### Aim of the exercise
Repeat the listing below line by line, exactly, leaving its pictures behind.

Dataset section Start Marker

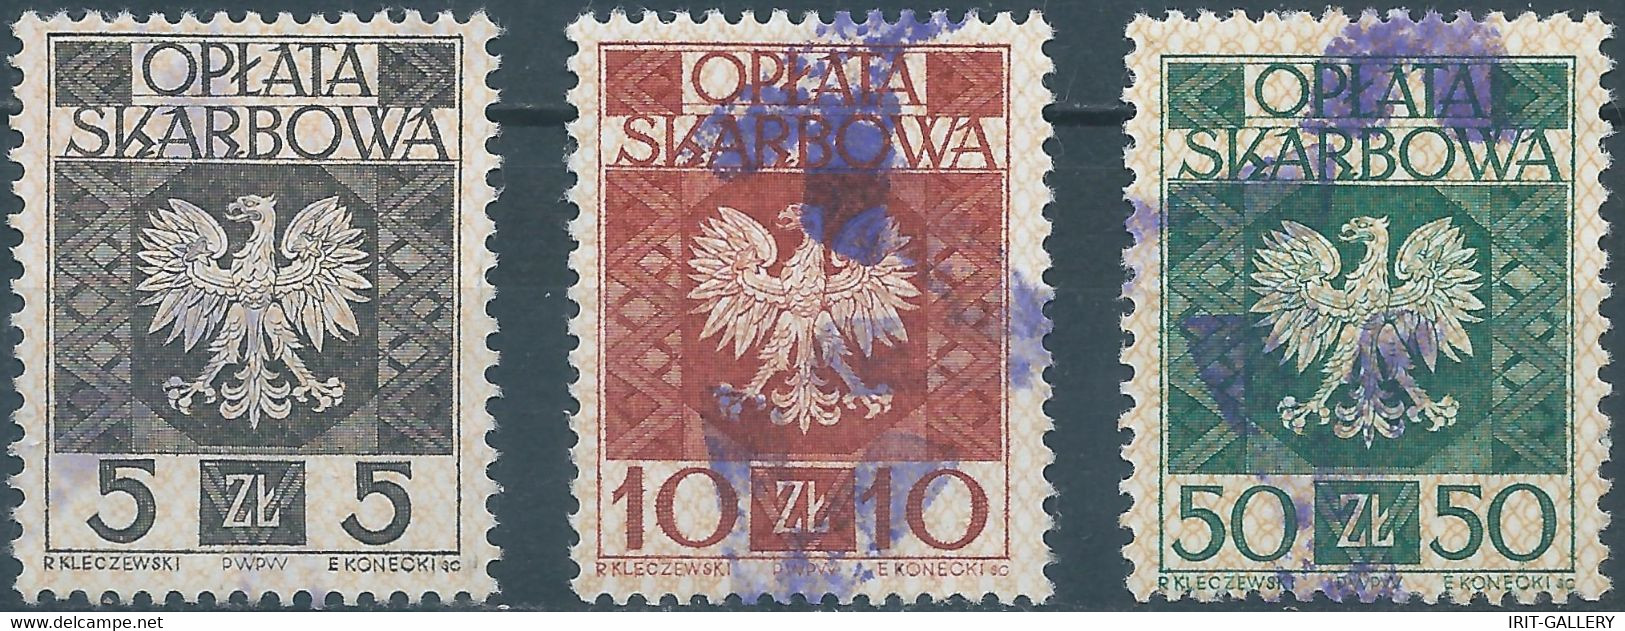 POLONIA-POLAND-POLSKA,1958 Revenue Stamp Fiscal TaX 5-10- 50ZL (OPLATA SKARBOWA) Used - Steuermarken
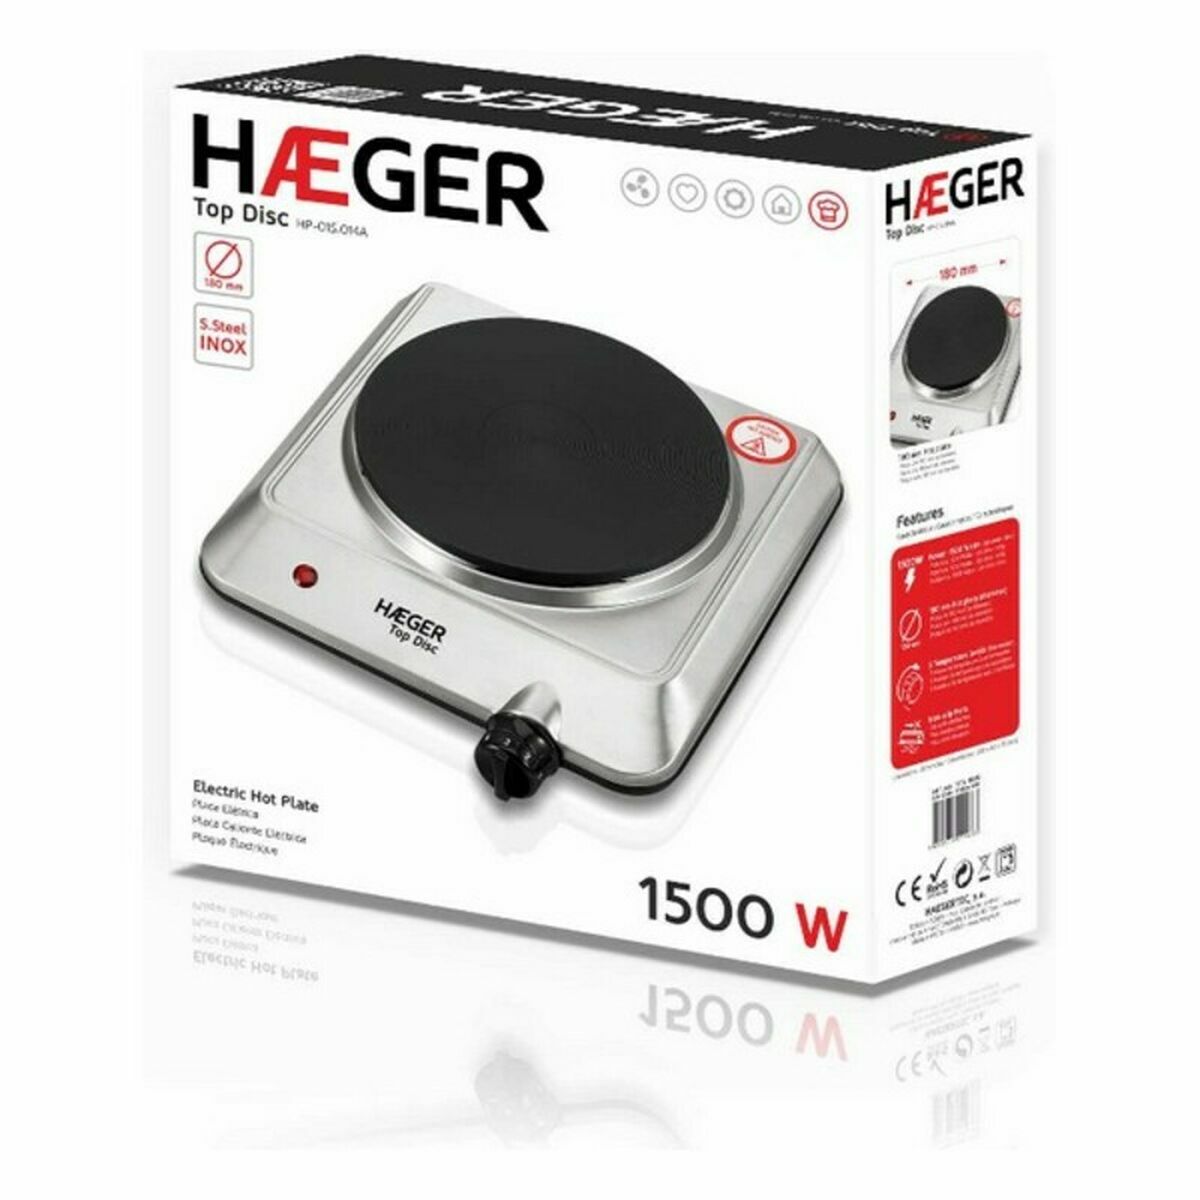 Haeger HP-01S.014A Elektroherd, Edelstahl, 1 Herd, Schwarz Silber, 1500 W
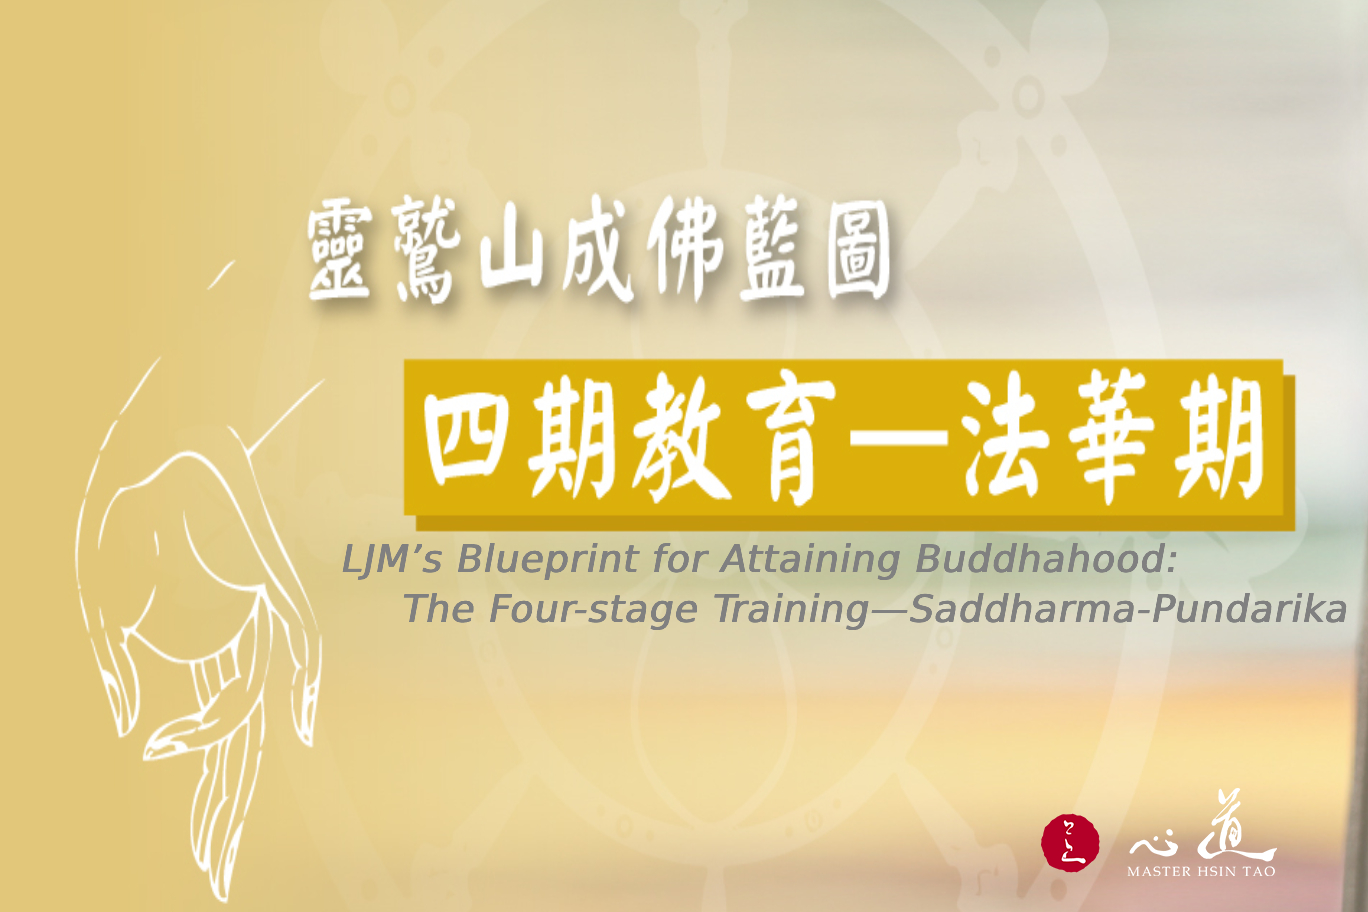 LJM’s Blueprint for Attaining Buddhahood: The Four-stage Training—Saddharma-Pundarika  - MasterHsinTao

Dataset section End Marker

### Your solution
 POLONIA-POLAND-POLSKA,1958 Revenue Stamp Fiscal TaX 5-10- 50ZL (OPLATA SKARBOWA) Used - Steuermarken
 Haeger HP-01S.014A Elektroherd, Edelstahl, 1 Herd, Schwarz Silber, 1500 W
 LJM’s Blueprint for Attaining Buddhahood: The Four-stage Training—Saddharma-Pundarika  - MasterHsinTao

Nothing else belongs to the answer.